WHAT TO PRODUCE:
Exactly the lines starting at the line containing "7In Case of an Emergency" and ending at the line containing "Green Apple Mother" are to be written out from the listing below, both included.

STUDY MATERIAL:
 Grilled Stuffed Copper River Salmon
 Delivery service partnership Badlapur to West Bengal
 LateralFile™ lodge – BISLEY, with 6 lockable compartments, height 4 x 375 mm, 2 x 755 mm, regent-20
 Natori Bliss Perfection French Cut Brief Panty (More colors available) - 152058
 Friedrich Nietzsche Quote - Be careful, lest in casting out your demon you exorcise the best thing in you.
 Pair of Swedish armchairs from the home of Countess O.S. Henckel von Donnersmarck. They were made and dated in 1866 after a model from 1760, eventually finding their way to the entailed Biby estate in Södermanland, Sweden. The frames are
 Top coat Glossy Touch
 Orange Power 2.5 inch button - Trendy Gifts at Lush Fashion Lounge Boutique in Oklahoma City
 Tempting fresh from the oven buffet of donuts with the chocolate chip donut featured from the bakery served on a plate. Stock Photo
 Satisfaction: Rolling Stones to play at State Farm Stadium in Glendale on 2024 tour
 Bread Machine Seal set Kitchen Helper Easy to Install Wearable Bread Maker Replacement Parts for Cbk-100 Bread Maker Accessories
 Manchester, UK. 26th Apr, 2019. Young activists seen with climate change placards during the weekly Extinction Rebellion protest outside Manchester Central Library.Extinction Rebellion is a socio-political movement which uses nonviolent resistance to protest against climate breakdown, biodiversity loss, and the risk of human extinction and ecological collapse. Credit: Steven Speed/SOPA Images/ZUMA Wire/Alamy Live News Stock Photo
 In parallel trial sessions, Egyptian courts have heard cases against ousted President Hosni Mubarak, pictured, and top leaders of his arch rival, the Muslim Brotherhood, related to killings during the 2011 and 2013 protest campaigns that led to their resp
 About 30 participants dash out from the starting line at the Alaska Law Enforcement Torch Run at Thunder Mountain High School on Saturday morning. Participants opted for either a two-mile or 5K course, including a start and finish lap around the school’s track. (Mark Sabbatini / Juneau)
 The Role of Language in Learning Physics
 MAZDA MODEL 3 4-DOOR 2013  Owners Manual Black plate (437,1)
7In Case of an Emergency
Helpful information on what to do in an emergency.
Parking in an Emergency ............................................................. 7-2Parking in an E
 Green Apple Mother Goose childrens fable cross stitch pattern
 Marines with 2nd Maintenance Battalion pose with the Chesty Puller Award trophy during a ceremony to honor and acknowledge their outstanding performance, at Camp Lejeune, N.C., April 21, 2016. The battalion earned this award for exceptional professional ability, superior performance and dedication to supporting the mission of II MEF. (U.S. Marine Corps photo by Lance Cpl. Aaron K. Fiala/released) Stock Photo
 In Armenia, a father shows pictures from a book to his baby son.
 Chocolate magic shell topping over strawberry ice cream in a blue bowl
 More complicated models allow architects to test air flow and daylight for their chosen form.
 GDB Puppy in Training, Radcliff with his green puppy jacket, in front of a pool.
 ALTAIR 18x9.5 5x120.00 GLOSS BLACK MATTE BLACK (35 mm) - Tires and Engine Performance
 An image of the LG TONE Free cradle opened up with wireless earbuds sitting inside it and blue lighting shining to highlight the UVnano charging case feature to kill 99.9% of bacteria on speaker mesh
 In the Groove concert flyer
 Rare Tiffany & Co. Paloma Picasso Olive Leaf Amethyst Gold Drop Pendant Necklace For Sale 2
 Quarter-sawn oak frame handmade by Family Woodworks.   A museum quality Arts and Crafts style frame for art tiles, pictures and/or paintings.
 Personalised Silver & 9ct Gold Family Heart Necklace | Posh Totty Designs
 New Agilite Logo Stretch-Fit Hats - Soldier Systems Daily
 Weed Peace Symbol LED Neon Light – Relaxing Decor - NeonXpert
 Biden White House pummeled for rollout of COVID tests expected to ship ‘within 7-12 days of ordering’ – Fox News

FINISHED TASK:
7In Case of an Emergency
Helpful information on what to do in an emergency.
Parking in an Emergency ............................................................. 7-2Parking in an E
 Green Apple Mother Goose childrens fable cross stitch pattern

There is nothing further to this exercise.